Тем самым ароматом Отечества, который сладок и приятен, поскольку исторгается крупнейшим в Европе металлургическим комбинатом. Гигантом сталеплавильным Вилька гордится. Родители порой скандалят вполголоса, потому что заболеваемость раком в Ч. на треть выше средней по области. Мать Вильки работает в школе, она в перечне лучших преподов города Ч. по русскому языку и литературе. Отец Вильки и брата его окормлялся преподаванием физики в медицинском училище акушеров и гинекологов. В старших классах Вилька любил посещать эту буйную обитель будущих женских прелестей, наблюдая искоса за отцом Неподкупный и желчный Аркадий Викентьевич, прозванный соседями Додиком за откровенную неприспособленность к жизни, всячески уклонялся от перехода в должность инструктора горкома. Позднее Вилька, попав в ту же ситуацию, прекрасно понял отца. Сам, дуралей, негибким вырос. Юные акушерки, презрев загадки волновых колебаний и природу полей, беззастенчиво строили глазки Додику, красавцу-преподавателю, рослому, статному, в больших роговых очках, обладателю волнистой гривы иссиня-чёрных волос. Разбирательства похождений знойного Казановы во время сборов картошки были главной темой семейных скандалов. Баба Шура, мамина мама, растившая Вильку и Ванечку до поступления в школу, не раз намекала: у Кати с детства не всё в порядке. Свезут её однажды в Кувшиново! Что за Кувшиново и почему туда маму однажды свезут, мальчики не знали, но боялись спросить. Вряд ли кто-либо рискнул вслух назвать Катерину Георгиевну ненормальной. Прозрение оказалось поздним и было совершенно напрасным.

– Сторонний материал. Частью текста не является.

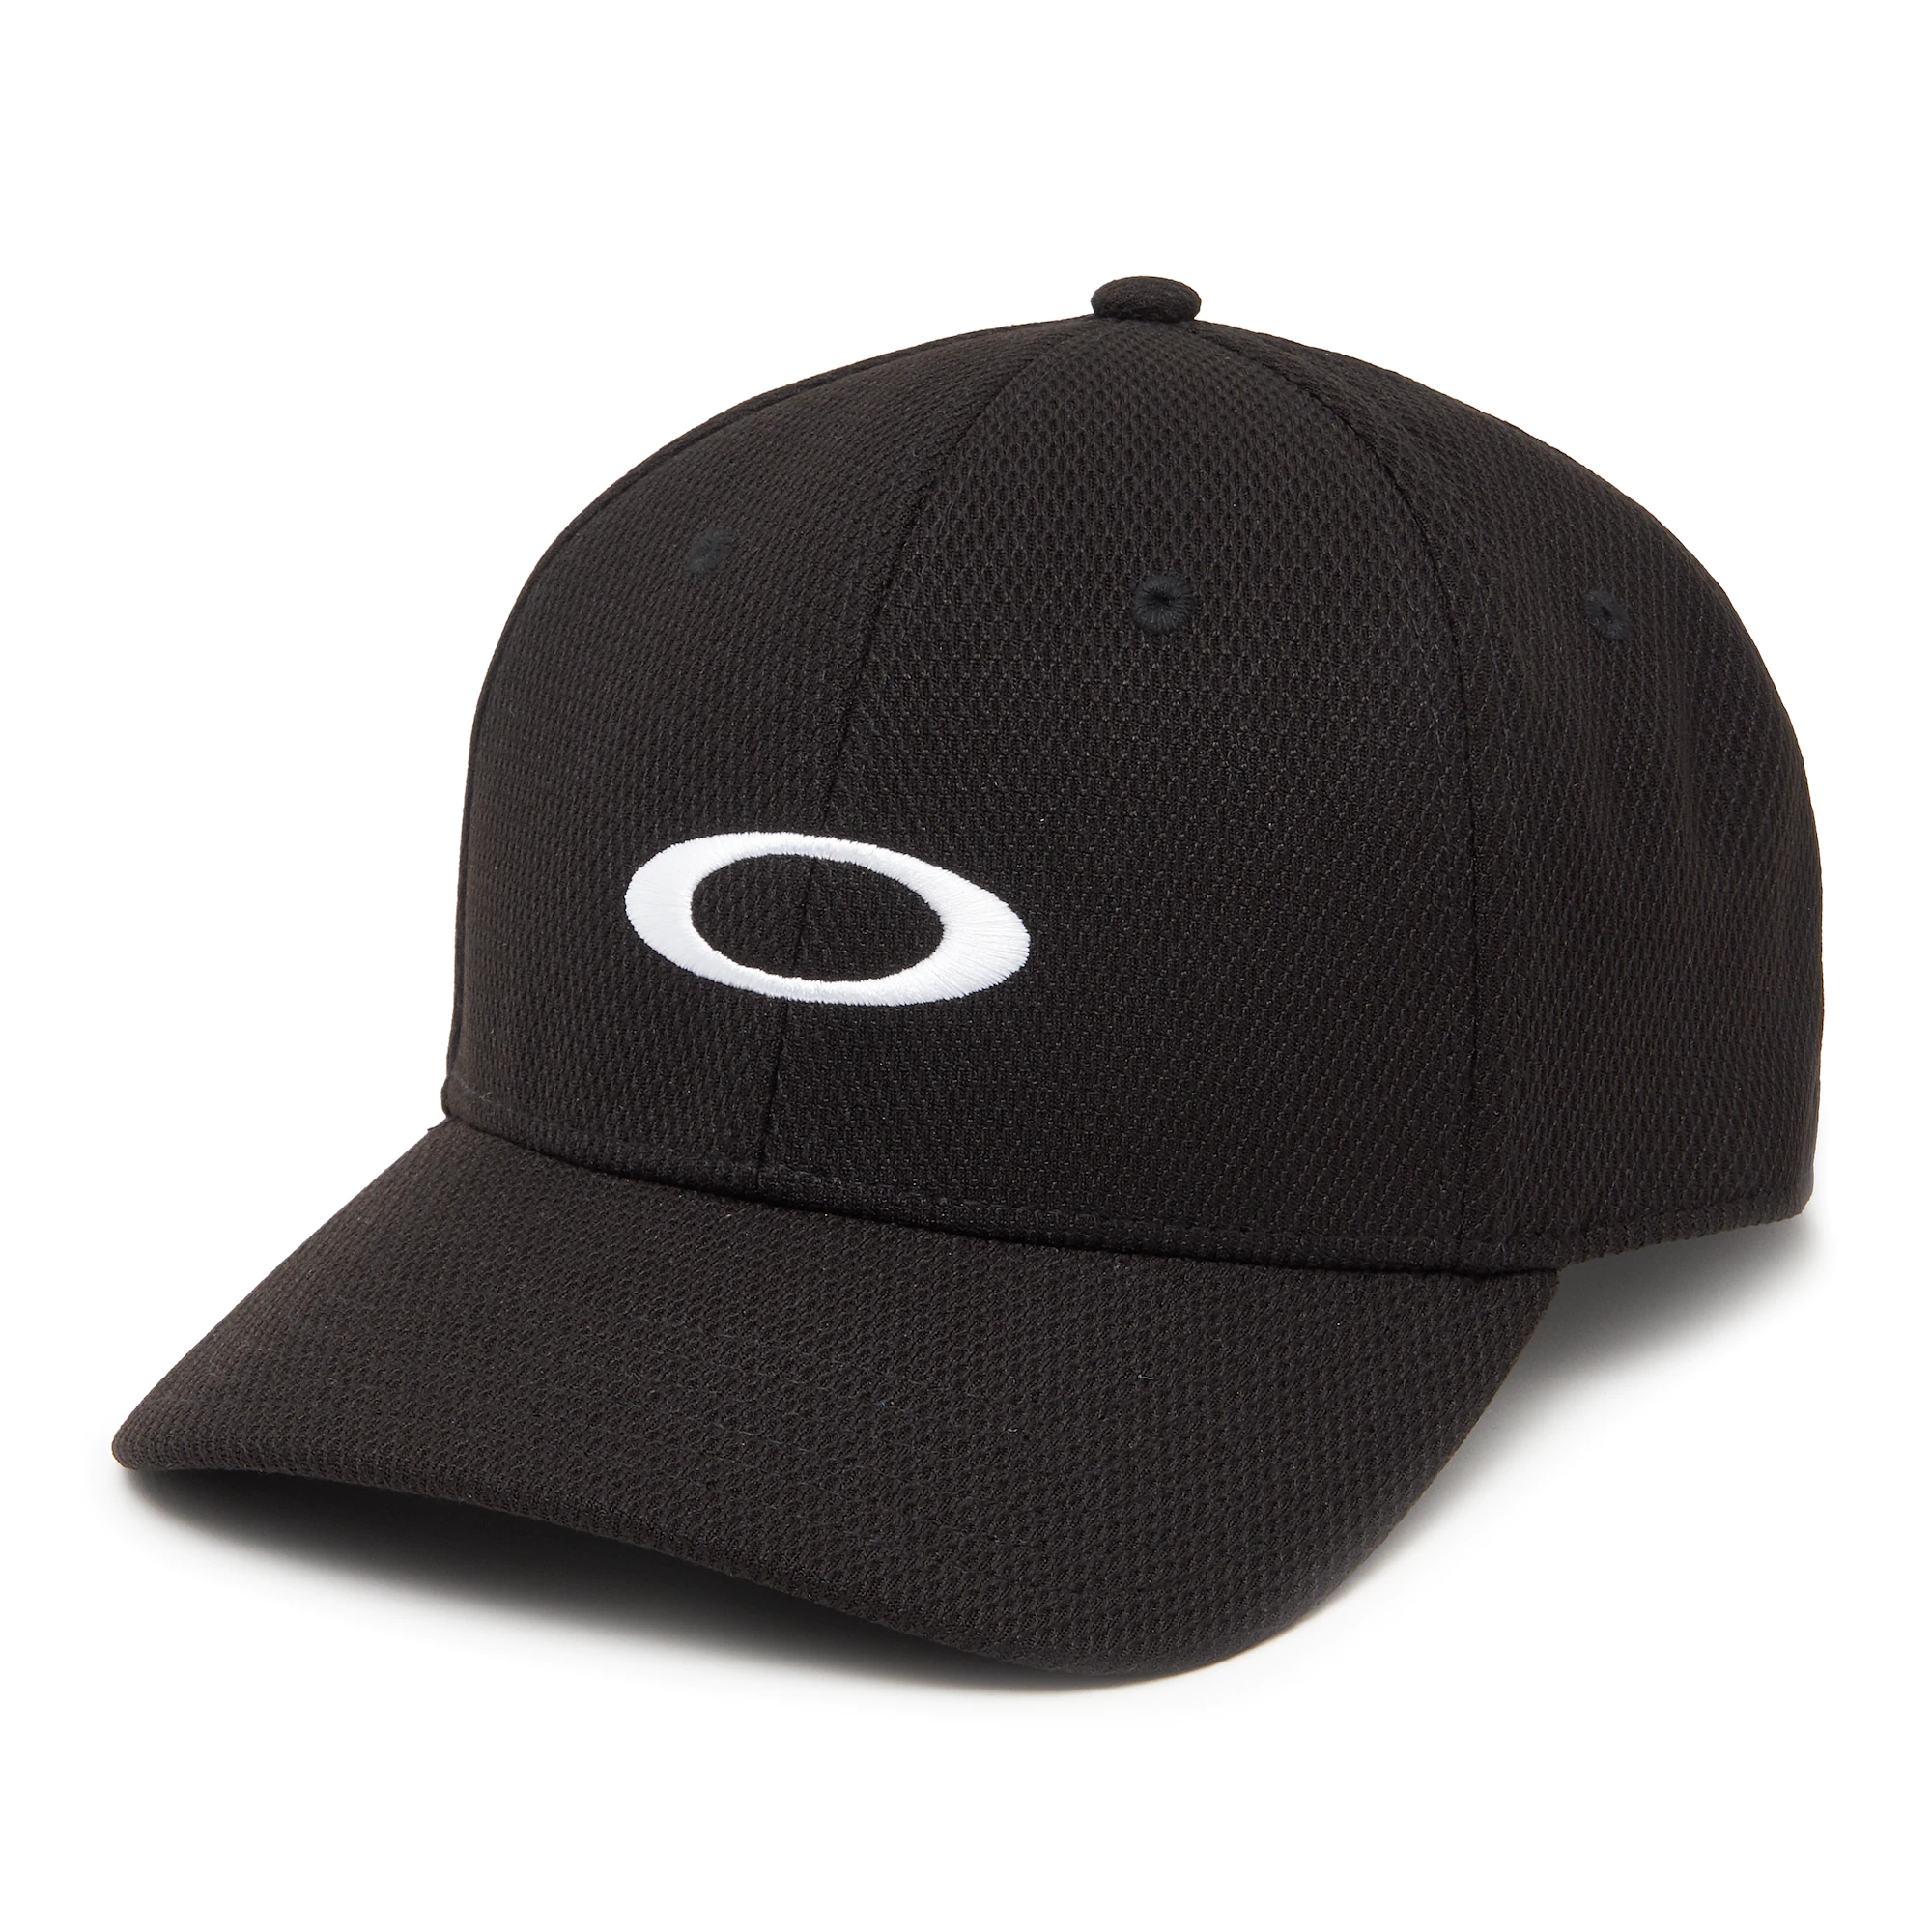 OAKLEY GOLF ELLIPSE HAT online kaufen

Шагая к дому, Вилька не озирался по сторонам: всё вокруг привычно, освоено, протоптано в сапогах и резиновых кедах. На обломках бетонных плит ржавыми дикобразами после битвы торчат пучки арматуры. Асфальт, проминавшийся от ходьбы, навевал мечту о ночной прохладе. Чугунные люки, гремевшие под ногами (заманчиво прыгнуть на них с разбега!), манили рухнуть в коммунальную бездну, обещая, что она ничем не уступит по занимательности Дантову аду. Желающих, однако, не находилось. Мигнул на пыльном стекле заблудший солнечный зайчик, и Вилька замер, свой лоб едва не раскроив. К одной из граней бетонного столба, освежившего в памяти взрослого Вильки забытое творение скульптора Мухиной, приклеено было частное объявление. Корявые буквы на клочке оберточной бумаги очень спешили, они наезжали друг на друга, сминались и вновь рассыпались веером. Кому и зачем? Это мне, понял Вилька. И, задыхаясь, прочёл: «За тобой следит призрак с видеокамерой. Через минуту он превратит тебя в глиняного болвана. Посадит рядом с другими и будет забавляться, кидая хлебные шарики». Объявление ввело Вильку в ступор, и кто-то буркнул над ухом:

– Уходим, покуда дятел в отключке… да тише ты! Соседи … (далее неразборчиво).

Дверь скрипнула и закрылась. Не помня себя, Субботин поднялся, выскочил в коридор и чуть не сбил с ног Михеева, степенно обряжавшегося перед зеркалом в потёртый офицерский плащ старого образца.

– Кто тут? К кому сейчас приходили? – задыхаясь, спросил Субботин.

– К тебе, спекулянт и лавочник! – отозвался Михеев. – Только что вышли. Ключи мои пока что верни! На всё про всё один боекомплект.

Субботин осознал: опять ничего не ясно. Вернулся к себе, потирая ноющие виски, окинул комнату взглядом и поплёлся на кухню. Сварил крепчайший кофе в старой армянской джезве, оставшейся от бывшей супруги при разводе как часть недвижимого имущества. Неуловимо быстрыми движениями риэлтор сварганил тесто, испёк румяные хачапури и с наслаждением угостил соседей. Это было частью ритуала, каждый жилец имел свою специализацию. Михеев курировал шашлыки и люля-кебабы, Субботин фантазировал с выпечкой, а третья соседка, колоратурное сопрано в отставке по имени Милица Львовна (Михеев упорно величал старушку Милицией, за что и огребал от неё с удовольствием), изящно варила супы с ранней или же поздней зеленью. Мужчины садились за стол, невольно втянув животы: осанка певицы (колоратура бывшей не бывает!) не оставляла шансов расслабиться. Гусары, они и лёжа – гусары.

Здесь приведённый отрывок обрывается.